Market Recap & Box Score

Monthly Recap: November 27, 2017

November was another positive month for markets, with almost all asset classes taking part.  The S&P 500 and MSCI World Indices each gained 1.7% during the period, with strength from technology and consumer discretionary sectors offset by weakness in telecom and industrials.  In Canada, the TSX lagged global indices, up 0.3%, after outperforming in October.  The industrial sector led the declines in Canada, while energy was also down.  Energy softness was in opposition to the 9.5% gain in WTI, as the difference between WTI and Canadian oil diverged to $17, the widest gap since August 2015, due to a pipeline leak from TransCanada’s existing Keystone pipeline in South Dakota.  As the pipeline remains down, investors fear a buildup in supply of Canadian crude that cannot be used in refineries.  The US 10-year yield dropped 99bps during the month to 2.33%.  The yield on nearer-term treasuries rose 15bps to 1.75% on expectations of further rate rises and an above-consensus CPI print.  A flatter yield curve has often been cited as recessionary and the 58bp difference between the 2- and 10-year yields is the lowest reading since November 2007.  However, market participants seem indifferent to the potential impact of a flattening curve, potentially betting on a further acceleration of GDP to boost the long end.
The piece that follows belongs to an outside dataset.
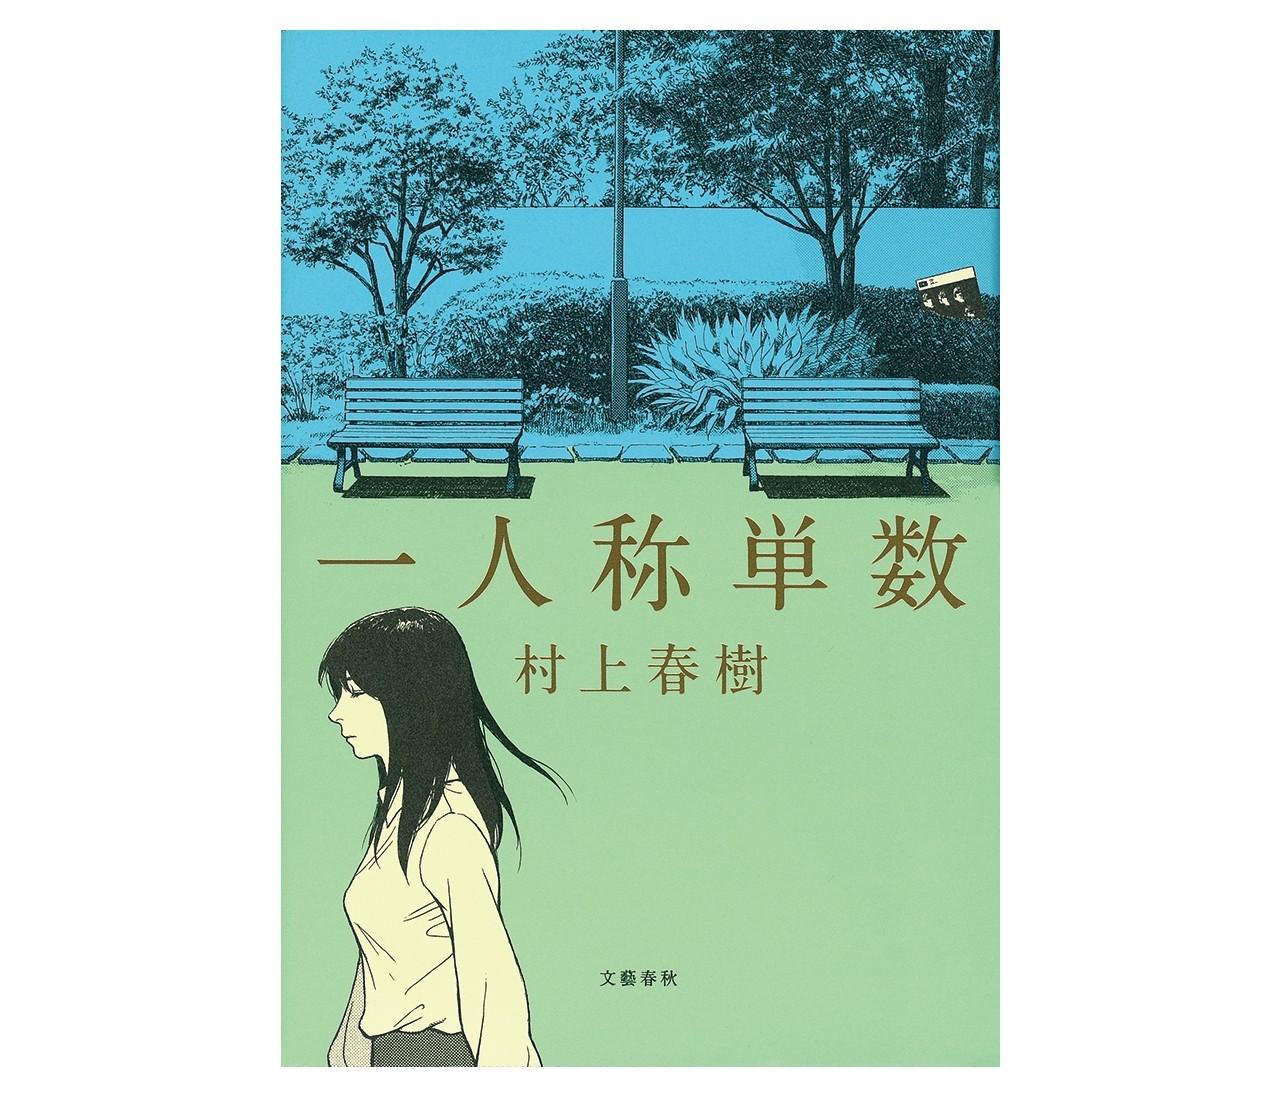 村上春樹の人生観が垣間見える一冊『一人称単数』【30代におすすめの本】

The Canadian cannabis industry continues to defy expectations.  Investors remain excited about the financial impact that recreational legalization will have on the industry.  The embedded chart highlights the year-to-date gains for some of the larger-cap names in Canada.  With surging stock prices,  market participants are attempting to consolidate the industry by using their shares as currency to acquire competitors.  Aurora Cannabis (TSE: ACB) took advantage of its 268% gain to offer to purchase Cannimed Therapeutics (TSE: CMED) in an all-stock deal valued at a 57% premium to their 15-Nov-17 stock price.  The deal would make ACB the second largest player in the Canadian cannabis space.  CMED is encouraging its shareholders to reject the deal, citing the elevated value of ACB stock as inadequate compensation.  CMED subsequently offered to purchase Tragically Hip-backed Newstrike Resources (CVE: HIP) just five months after its listing on the Canadian Venture Exchange.

The wave of consolidation in Canada could just be beginning as companies attempt to achieve scale – the cost savings that occur as production grows and efficiency increases.  Ernst & Young surveyed a number of senior leaders and board members at 11 licenced producers in Canada and the primary focus across the industry was vertical integration. The opportunity is promising domestically with 500,000 estimated patients by 2021, equating to 150,000 kilograms of flower.  But, it extends beyond Canadian borders as other G-20 countries seek to become the second nation to federally legalize marijuana.  However, the aggressive use of inflated stock to execute mergers hints that insiders may even consider their stock to be overvalued.  Time will tell, but we know that the market will look drastically different in one year from now, when risk and reward will be intensified.